Implementation:NVIDIA NeMo Curator Audio Convert Stage
| Knowledge Sources | |
|---|---|
| Domains | Audio Processing, Data Curation, Format Conversion |
| Last Updated | 2026-02-14 00:00 GMT |
Overview
Implements AudioToDocumentStage, a processing stage that converts an AudioBatch into a DocumentBatch, bridging the audio and document processing pipelines.
Description
AudioToDocumentStage extends ProcessingStage[AudioBatch, DocumentBatch] and serves as a bridge component between audio-oriented and document-oriented pipeline stages. Its process() method takes the AudioBatch.data (a list of dictionary entries), constructs a pandas DataFrame from it, and wraps the result in a DocumentBatch. The conversion preserves the original task ID, dataset name, and _stage_perf metadata from the input AudioBatch.
This stage enables audio pipeline outputs (such as transcriptions, WER metrics, and duration values) to flow into document-oriented stages such as Parquet writers or text-based filters that expect DocumentBatch inputs.
Usage
Use this stage in an audio curation pipeline when you need to transition from audio-specific stages (which produce AudioBatch objects) to document-processing stages (which consume DocumentBatch objects).
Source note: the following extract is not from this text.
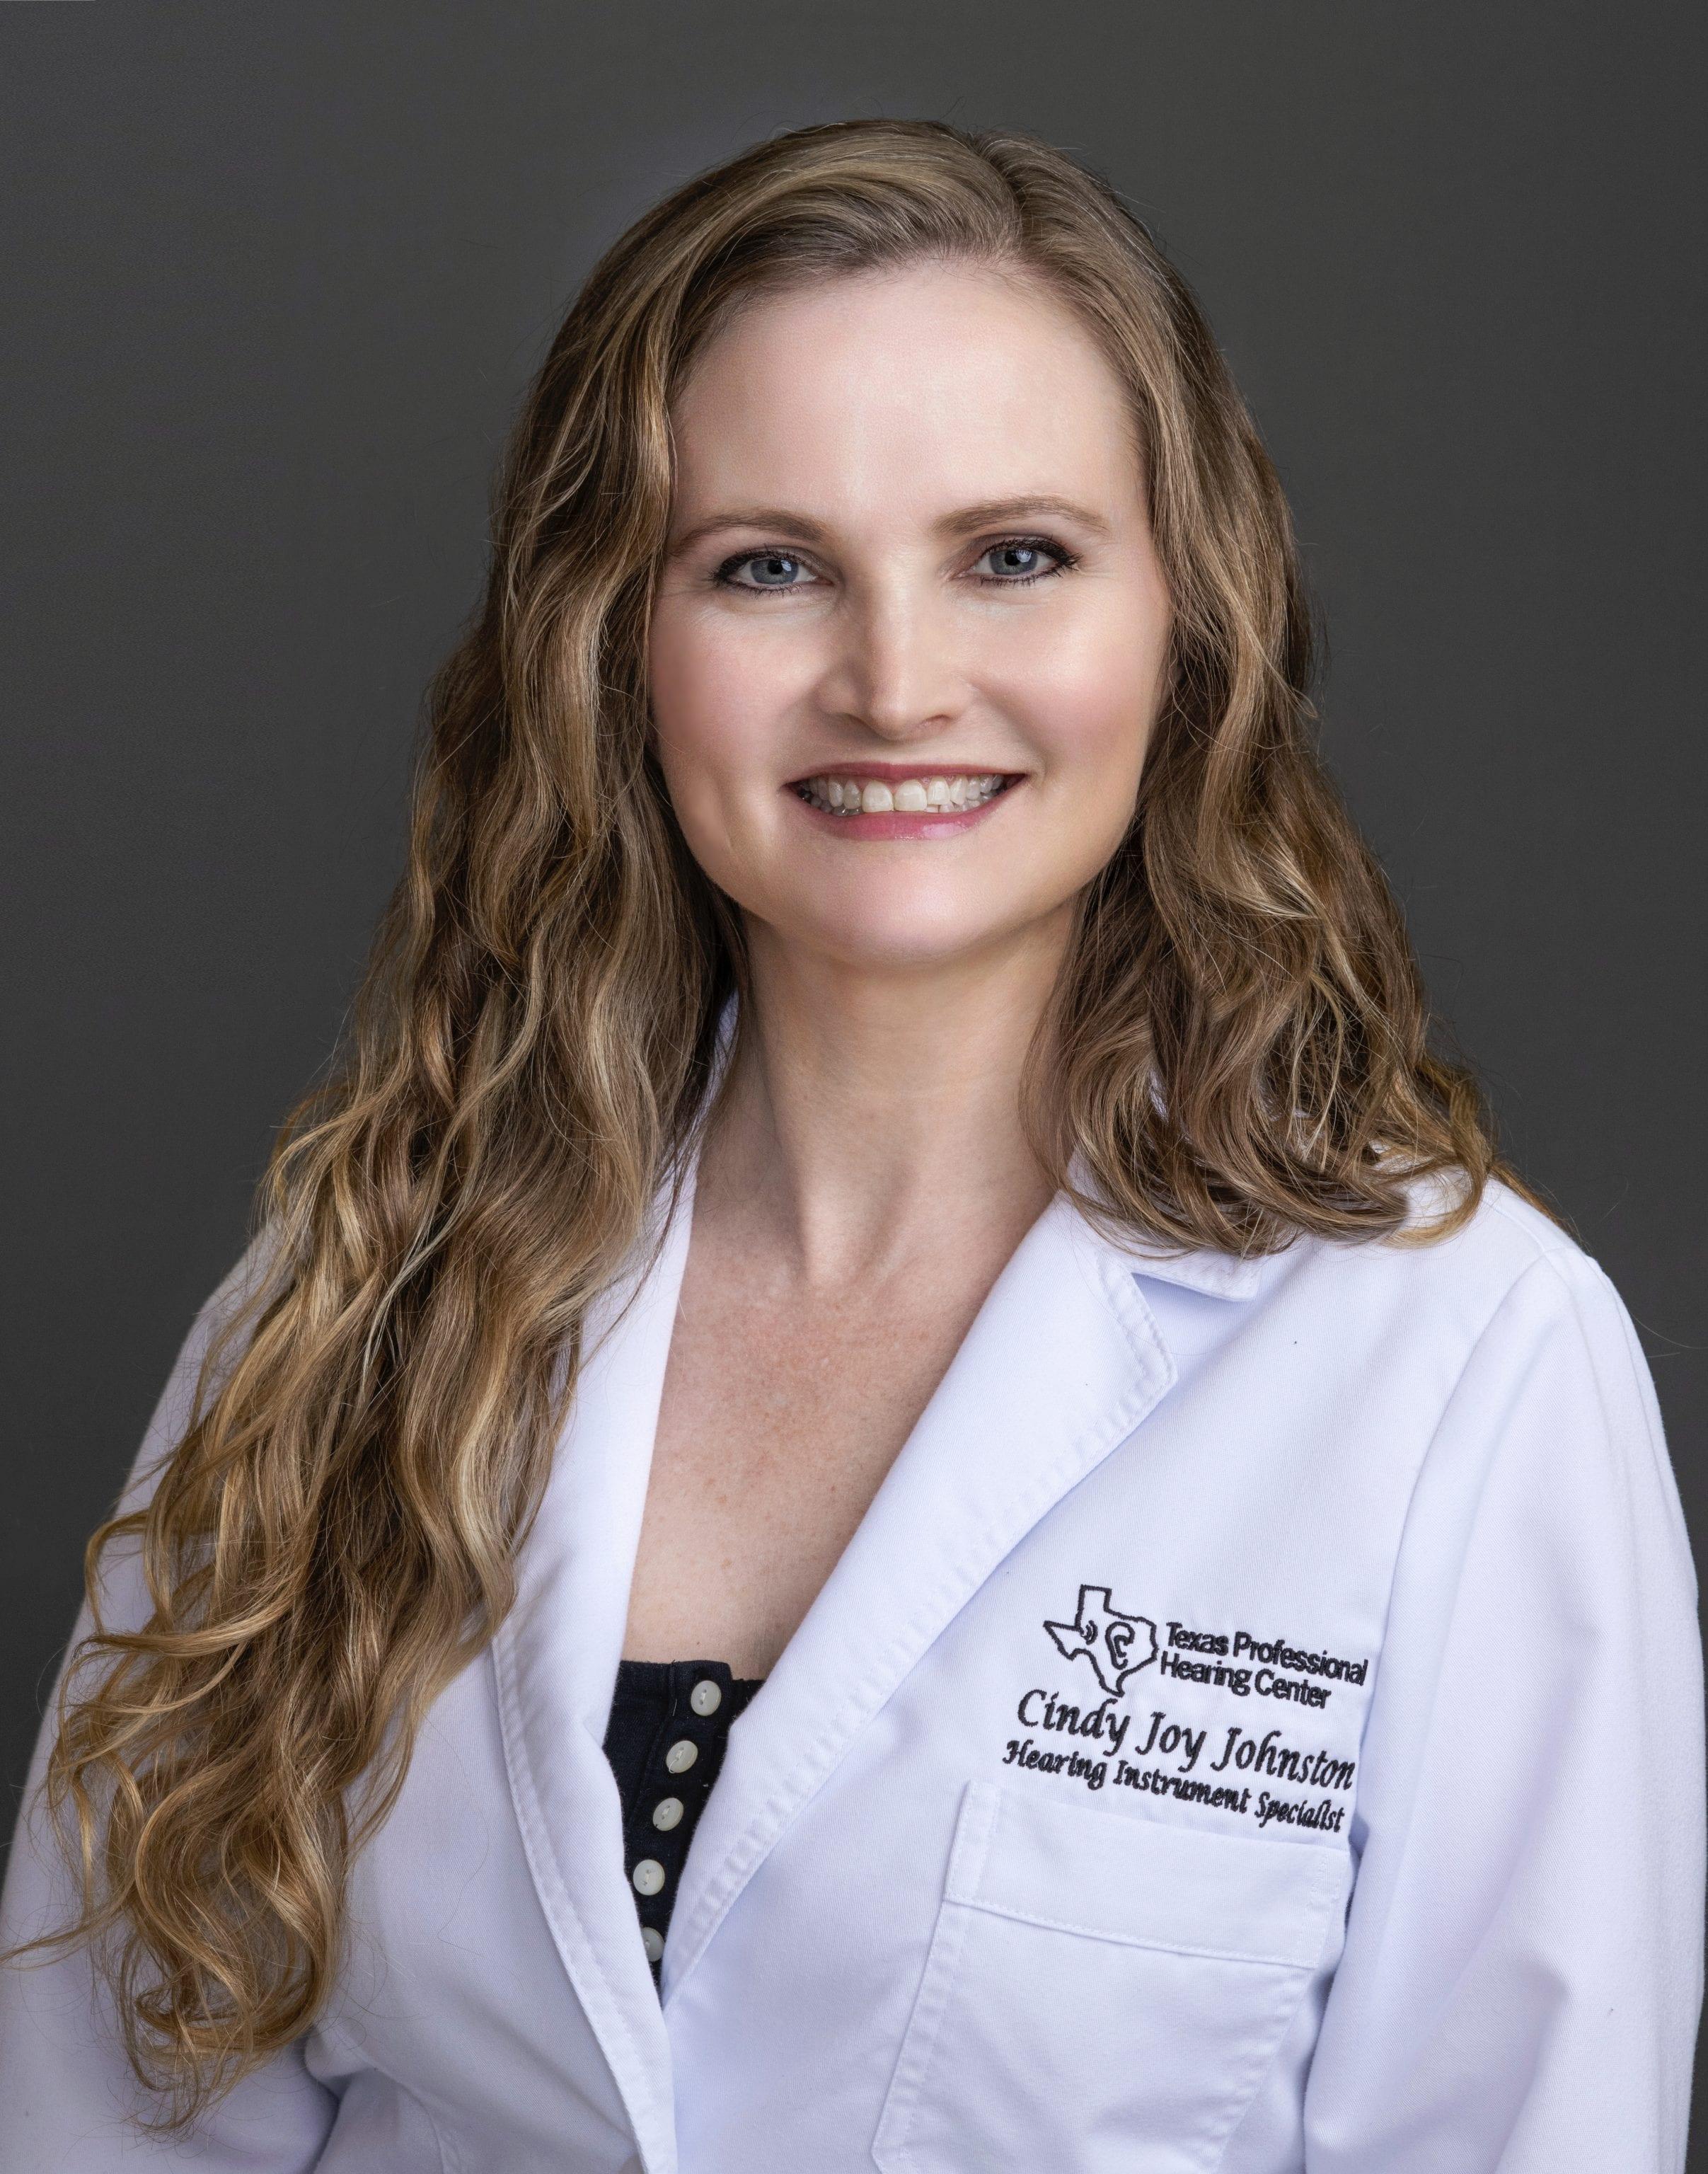 Cindy Joy Johnston : Hearing Instrument Specialist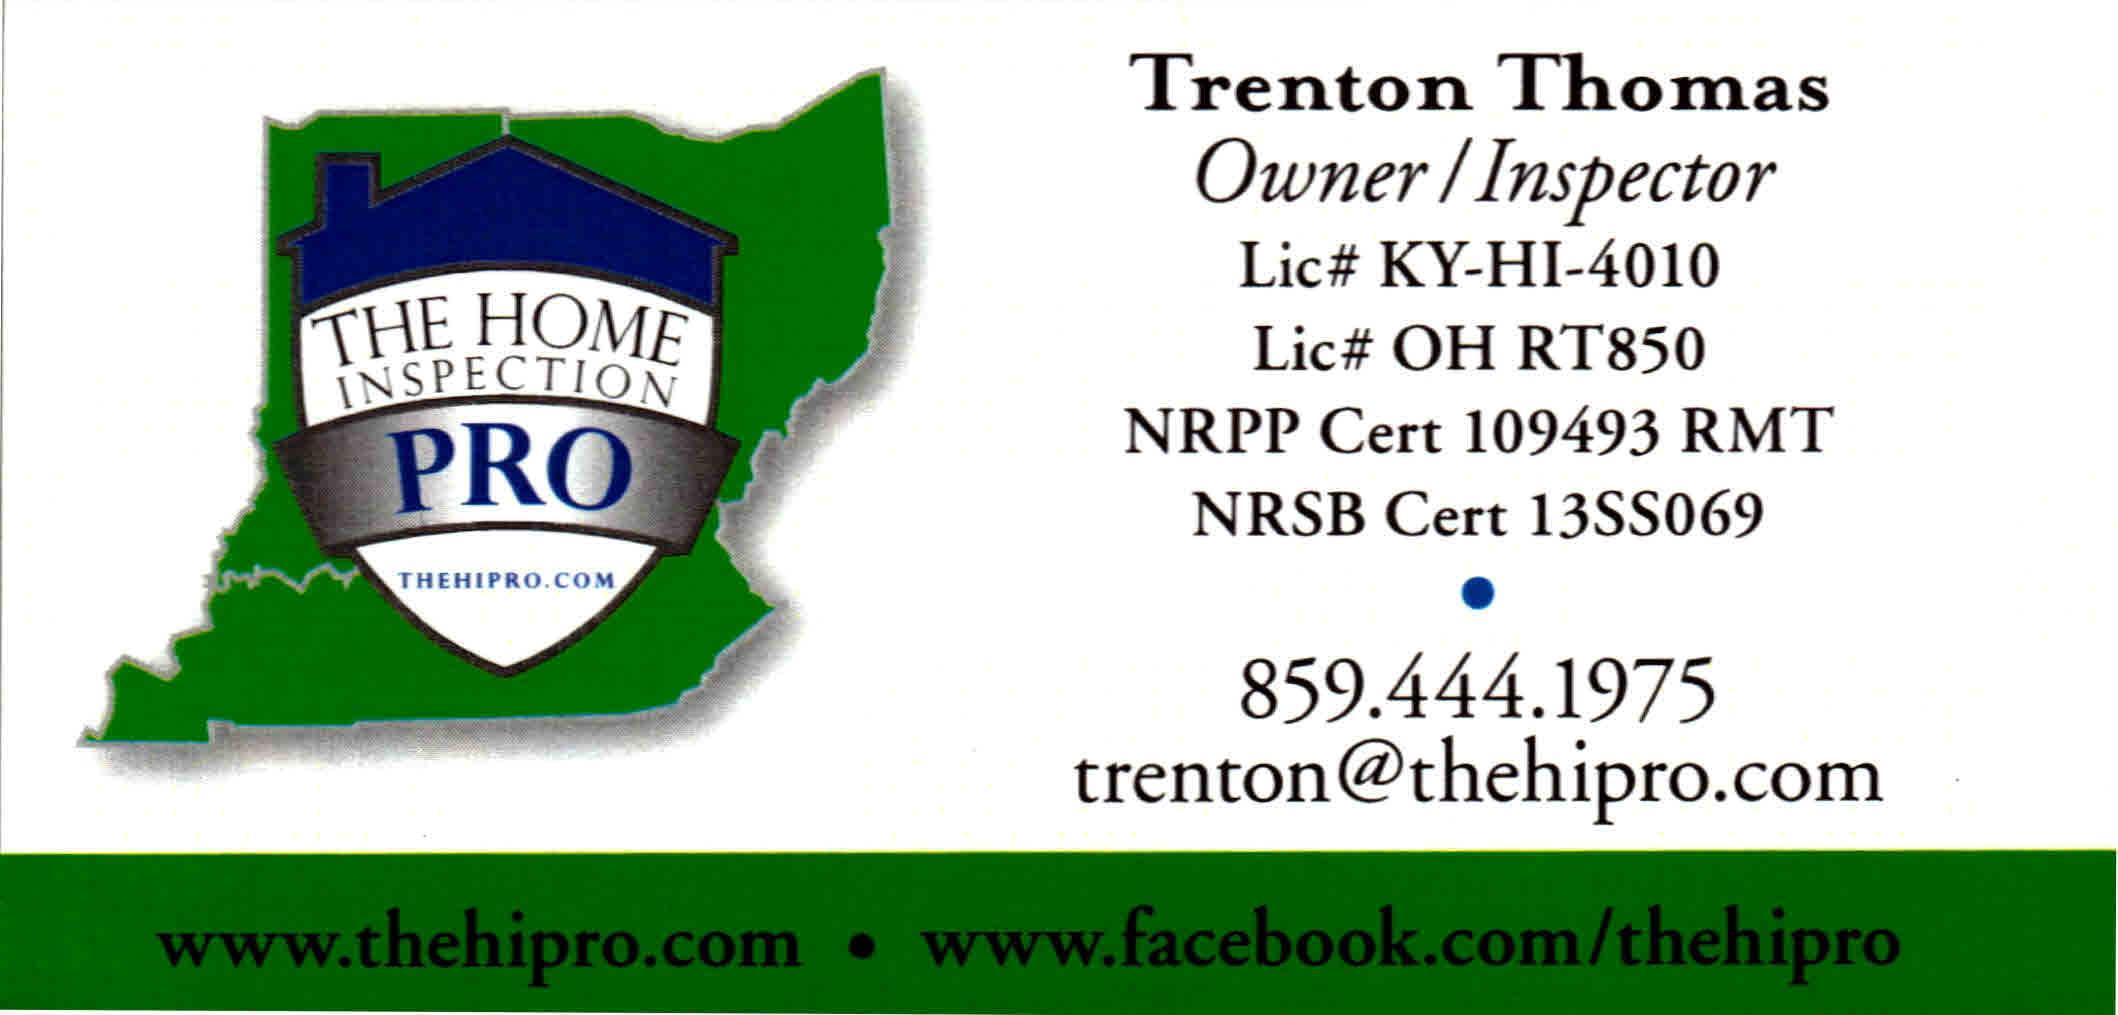 Trenton Thomas 2.jpg

A typical placement is after ASR inference and metrics computation, before writing results to Parquet.
Code Reference
Source Location
- Repository: NeMo-Curator
- File: nemo_curator/stages/audio/io/convert.py
- Lines: 1-38
Signature
class AudioToDocumentStage(ProcessingStage[AudioBatch, DocumentBatch]):
name = "AudioToDocumentStage"
def process(self, task: AudioBatch) -> list[DocumentBatch]: ...
Import
from nemo_curator.stages.audio.io.convert import AudioToDocumentStage
I/O Contract
Inputs
| Name | Type | Required | Description |
|---|---|---|---|
| task | AudioBatch | Yes | An AudioBatch whose data attribute is a list of dictionaries containing audio metadata
|
Outputs
| Name | Type | Description |
|---|---|---|
| result | list[DocumentBatch] | A single-element list containing a DocumentBatch with a pandas DataFrame constructed from the AudioBatch data |
Usage Examples
Basic Usage
from nemo_curator.stages.audio.io.convert import AudioToDocumentStage
# Create the conversion stage
convert_stage = AudioToDocumentStage()
# In a pipeline, place after audio stages and before document stages:
# ... -> ASR stage -> WER stage -> AudioToDocumentStage -> Parquet writer
Manual Conversion
from nemo_curator.stages.audio.io.convert import AudioToDocumentStage
from nemo_curator.tasks import AudioBatch
# Create an AudioBatch with sample data
audio_batch = AudioBatch(
task_id="task_1",
dataset_name="my_dataset",
data=[
{"audio_filepath": "/data/audio1.wav", "text": "hello world", "duration": 1.5},
{"audio_filepath": "/data/audio2.wav", "text": "goodbye", "duration": 0.8},
],
)
convert_stage = AudioToDocumentStage()
doc_batches = convert_stage.process(audio_batch)
# doc_batches[0].data is a pandas DataFrame with columns:
# audio_filepath, text, duration